Title: The Ecological Challenge: Three Revolutions are Necessary
Date: 2006
Topics: communist ecology industry
Notes: From Northeastern Anarchist #13
Source: Retrieved on 16 October 2010 from libcom.org2. Capitalism is not the Solution
3. Three Revolutions are Necessary
3.1 Revolution in trade: putting an end to globalization
3.2 Revolution in the modes of consumption: the question of décroissance (“de-growth”)
With a planetary ecological crisis on hand, it can no longer be denied that socialism will be incompatible with mass production and mass consumption. Indeed, even without returning to Malthusian catastrophe theories, we are forced to admit that the planet’s resources are not inexhaustible. These resources could provide for humanity’s needs, but only if they are used in a reasonable and rational way, i.e., in a manner directly opposed to capitalist logic, which in itself is a source of imbalance.
* * *
For decades, anti-capitalists have rightly raised the question of the “redistribution of wealth” between the Global North and Global South. This idea has commonly been imagined to mean an end to the pillage of the Third World by the advanced industrialized powers, so that the people of the Global South are able to attain an equivalent level of development. This demand, put simply, means that the South should catch up to the North’s “standard of living.”

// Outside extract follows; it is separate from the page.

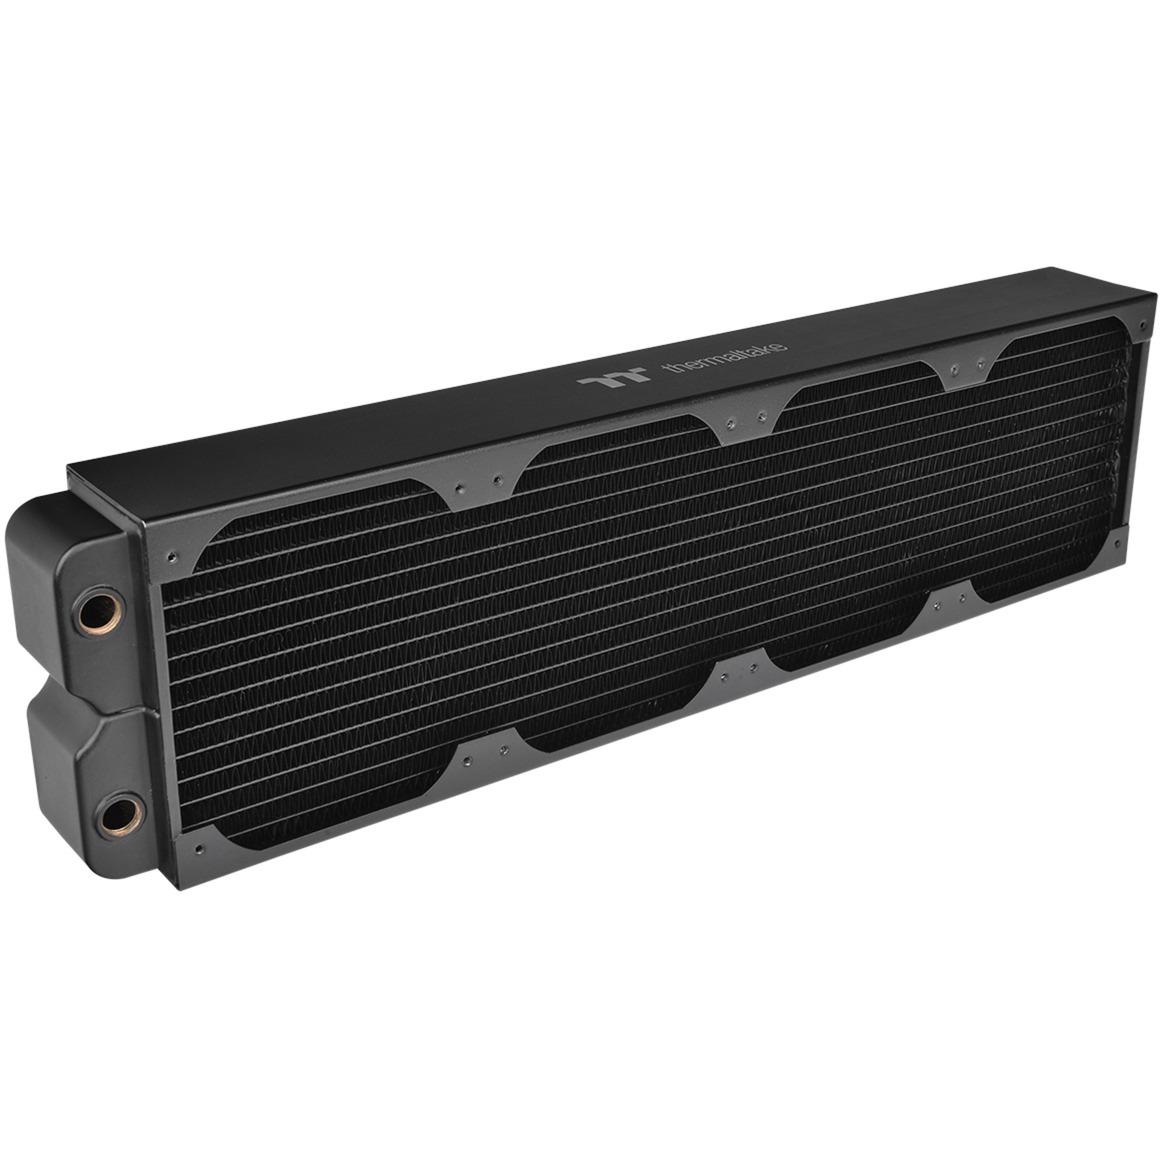 CL480 Negro, Radiador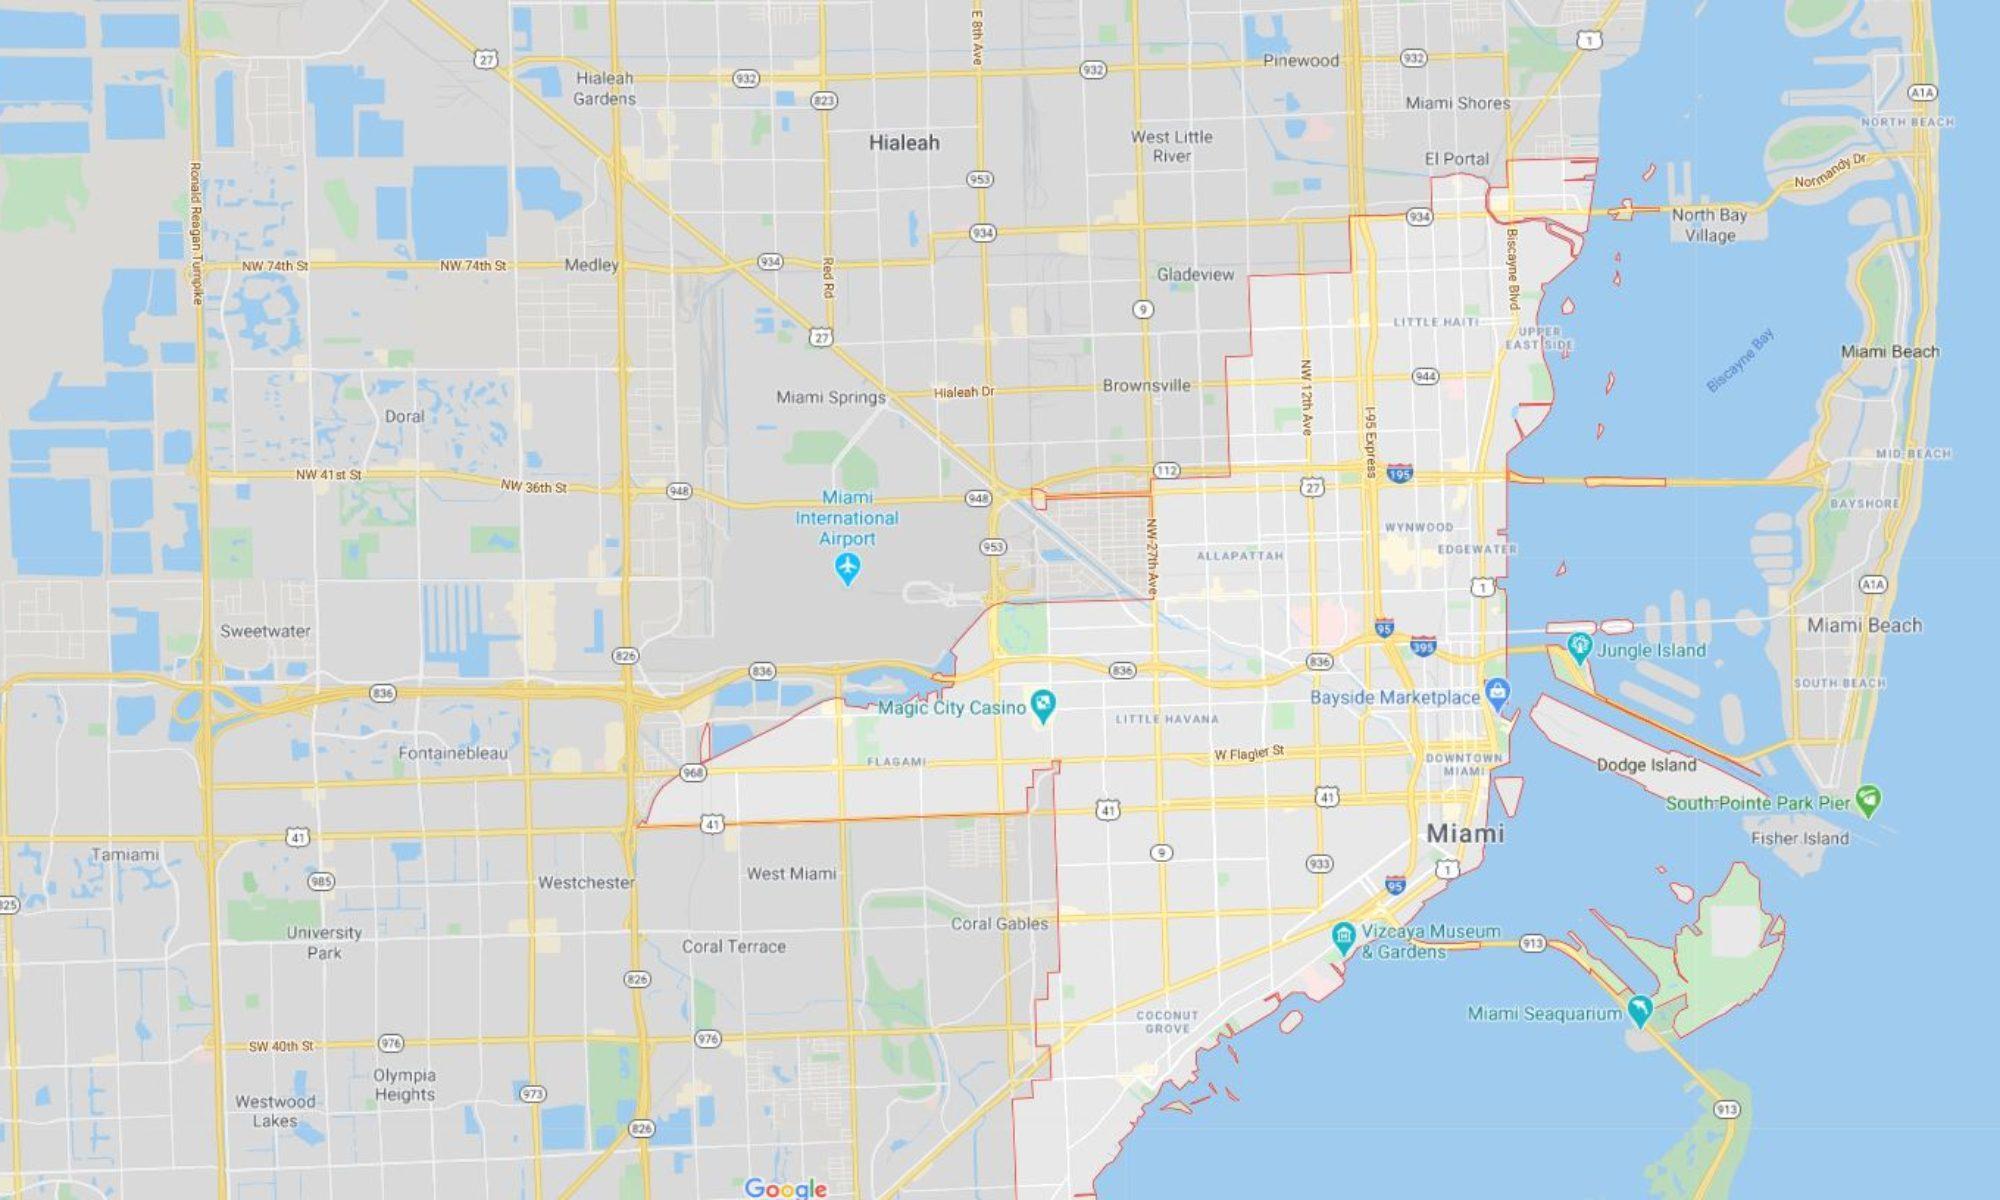 Podiatry Miami

But this old view is clumsy and over-simplified, since certain countries are already fully in the process of “taking their share” of the cake that is Planet Earth, and this is accelerating the destruction of the great ecological balances. The arrival of China and India as industrial, political and military powers obliges revolutionaries to rethink, from top to bottom, issues surrounding the model of development itself.

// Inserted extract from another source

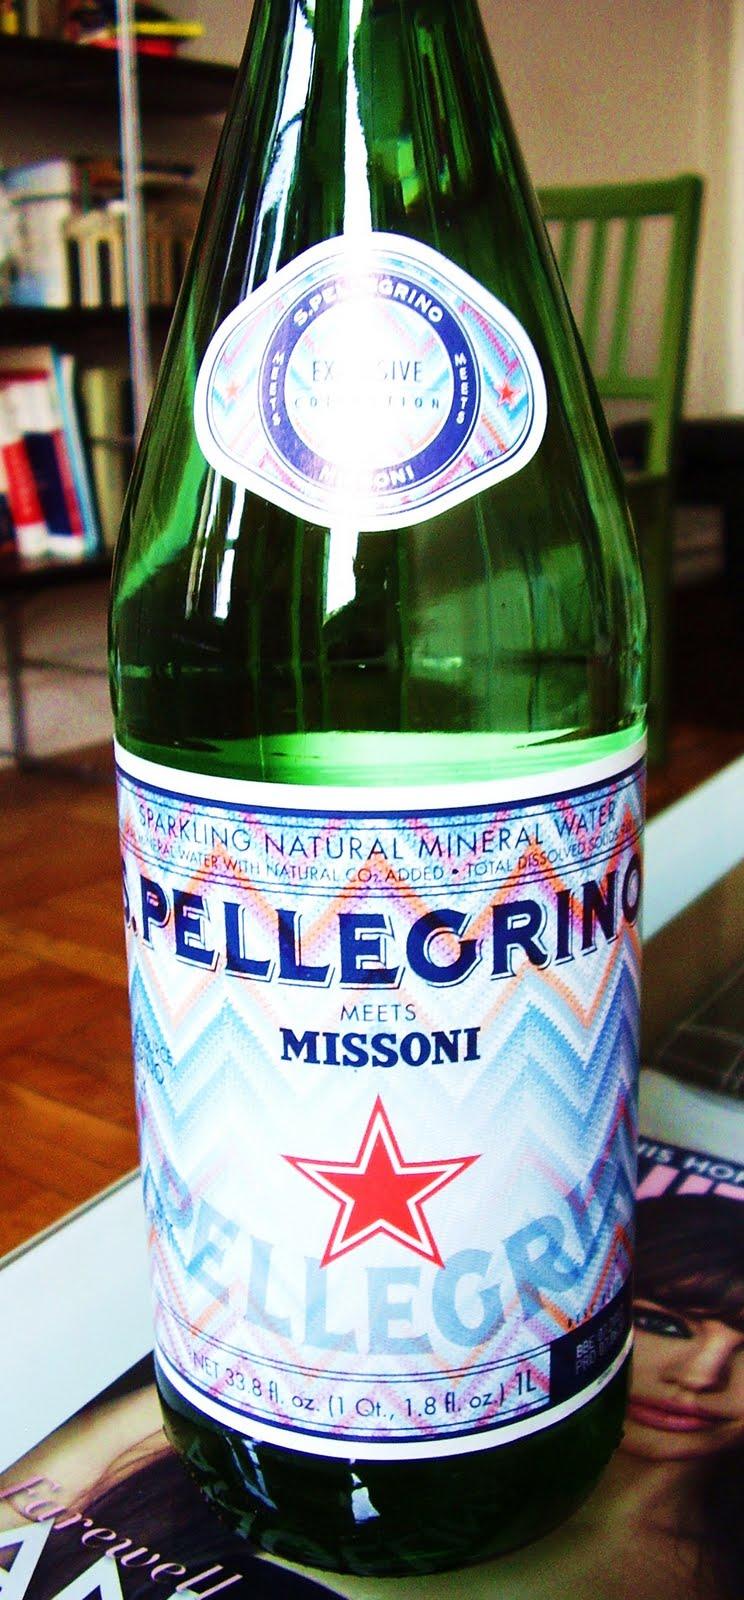 Striped-missoni-san-pellegrino-bottle

With a planetary ecological crisis on hand, it can no longer be denied that socialism will be incompatible with mass production and mass consumption. Indeed, even without returning to Malthusian catastrophe theories, we are forced to admit that the planet’s resources are not inexhaustible. These resources could provide for humanity’s needs, but only if they are used in a reasonable and rational way, i.e., in a manner directly opposed to capitalist logic, which in itself is a source of imbalance.
According to the “Living Planet Report” put out by the World Wildlife Fund in 2002, the world population’s “ecological footprint” increased by 80% between 1961 and 1999, to reach 120% of the Earth’s biological capacity. Though the figures used in this report are disputed, including in ecologists’ circles, there is general agreement with the fundamental idea: “Natural resource consumption can exceed the planet’s productive capacity by depleting the Earth’s natural capital, but this cannot be sustained indefinitely.”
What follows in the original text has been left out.